“Complex cognition shaped the Stone Age hand axe”
Cory Panshin on April 16, 2015Here’s another current article on the relationship between tool-making and language. Archaeology students were taught how to make hand axes and then presented with questions involving tool-making strategies while brain scans recorded what areas of their brains were activated.
“Greater skill at making tools correlated with greater accuracy on the video quiz for predicting the correct strategy for making a hand axe, which was itself correlated with greater activity in the prefrontal cortex. ‘These data suggest that making an Acheulean hand axe is not simply a rote, auto pilot activity of the brain,’ Stout says. ‘It requires you to engage in some complicated thinking.’
“Most of the hand axes produced by the modern hands and minds of the study subjects would not have cut it in the Stone Age. ‘They weren’t up to the high standards of 500,000 years ago,’ Stout says.
“A previous study by the researchers showed that learning to make stone tools creates structural changes in fiber tracts of the brain connecting the parietal and frontal lobes, and that these brain changes correlated with increases in performance. ‘Something is happening to strengthen this connection,’ Stout says. ‘This adds to evidence of the importance of these brain systems for stone tool making, and also shows how tool making may have shaped the brain evolutionarily.’
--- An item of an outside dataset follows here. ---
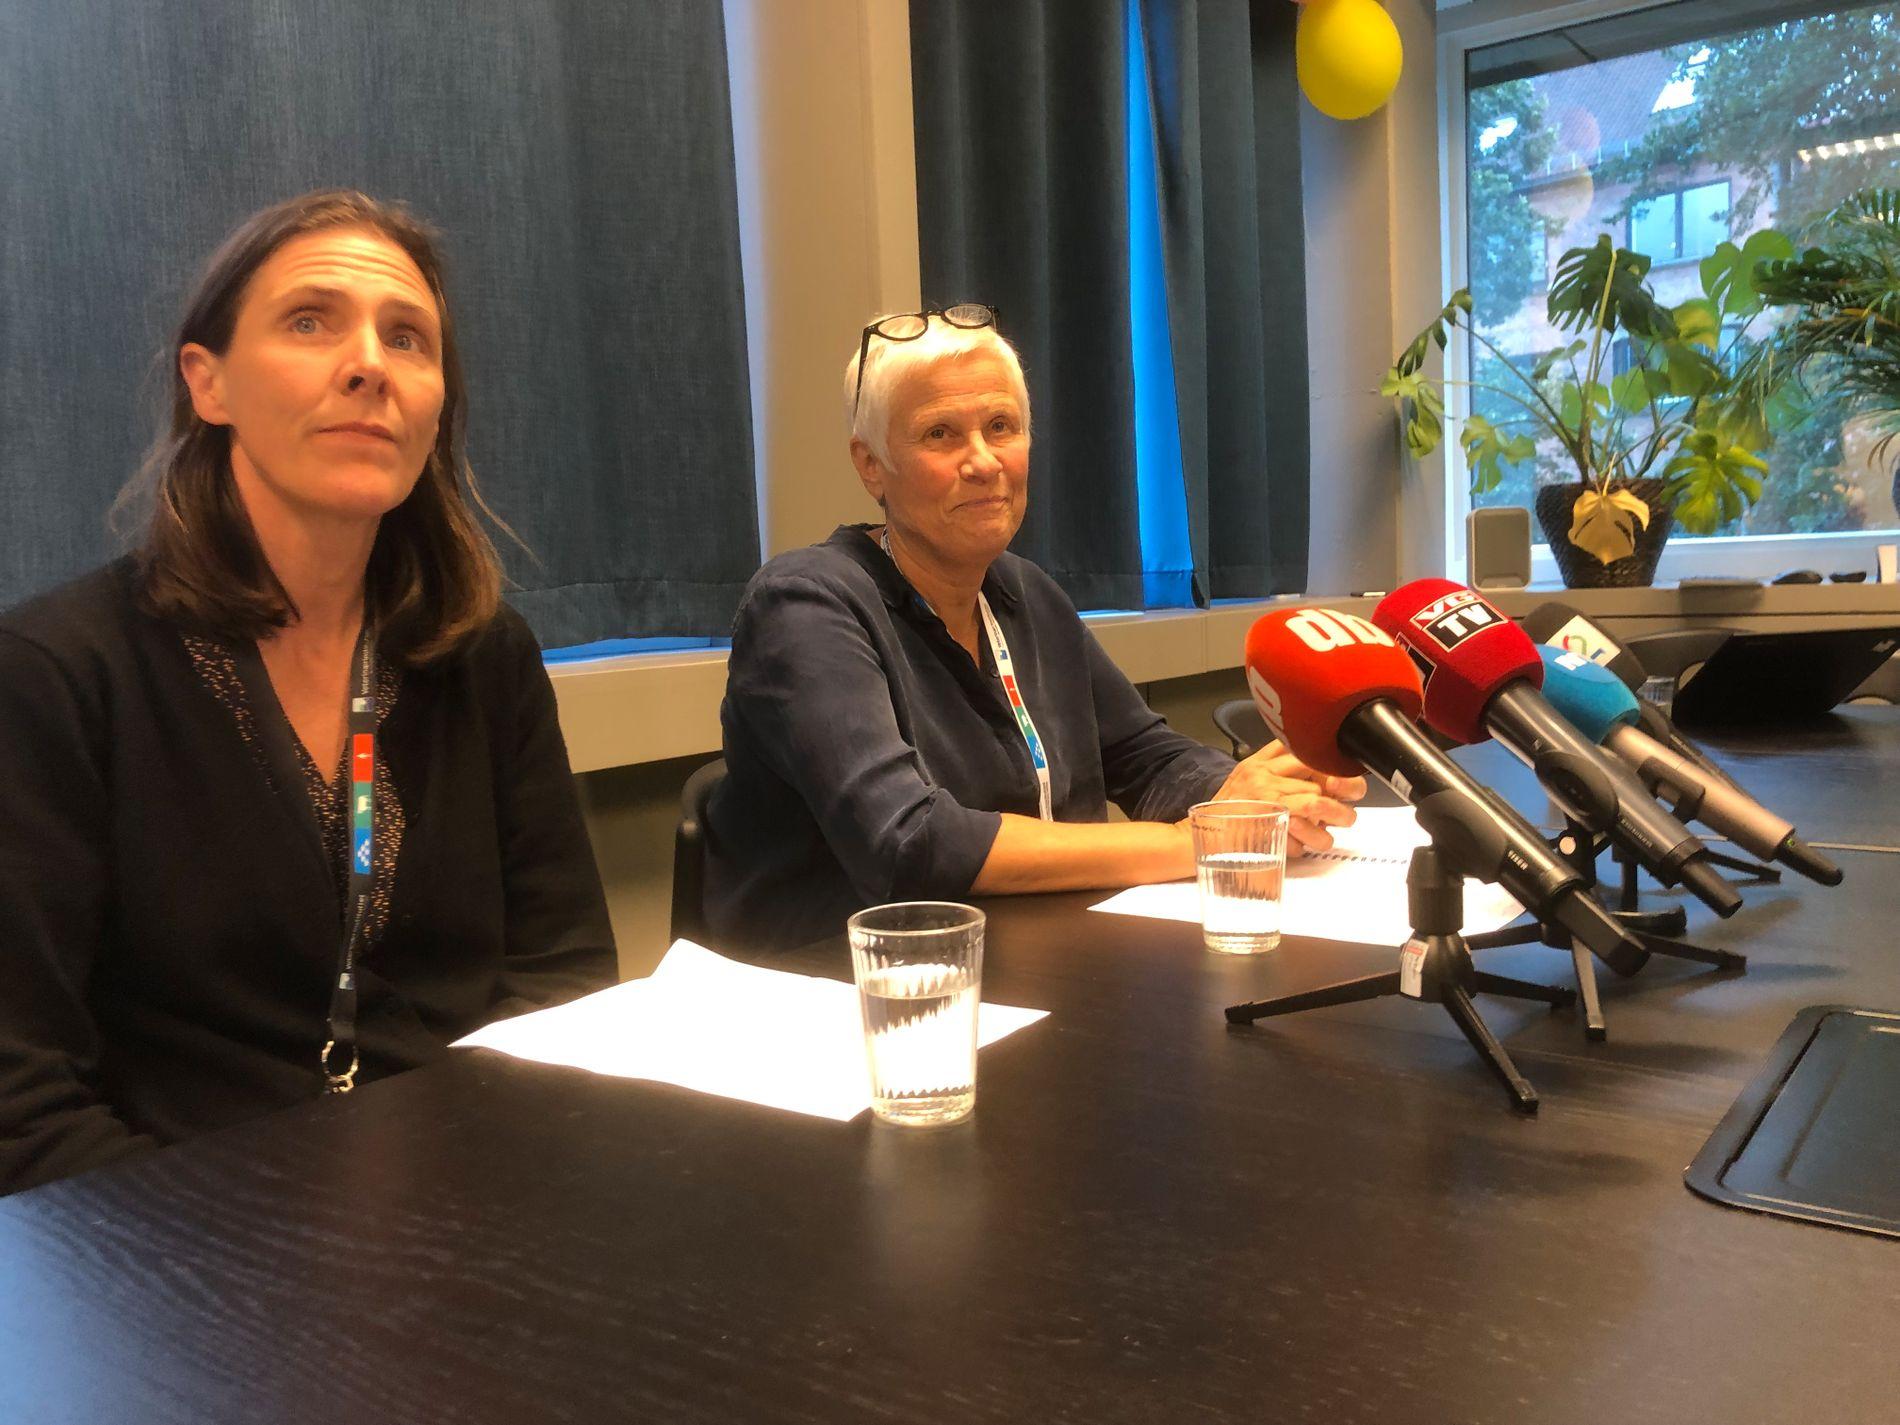 Forsker Hannah Joan Jørgensen og beredskaps- og sikkerhetsdirektør Jorun Jarp under en pressekonferanse hos Veterinærinstituttet, hvor de fredag orienterte om arbeidet med sykdommen som har rammet mange hunder den siste tiden.

“Stout recently launched a major, three-year archeology experiment that will build on these studies and others. Known as the Language of Technology project, the experiment involves 20 subjects who will each devote 100 hours to learning the art of making a Stone Age hand axe, and also undergo a series of MRI scans. The project aims to hone in whether the brain systems involved in putting together a sequence of words to make a meaningful sentence in spoken language overlap with systems involved in putting together a series of physical actions to reach a meaningful goal.”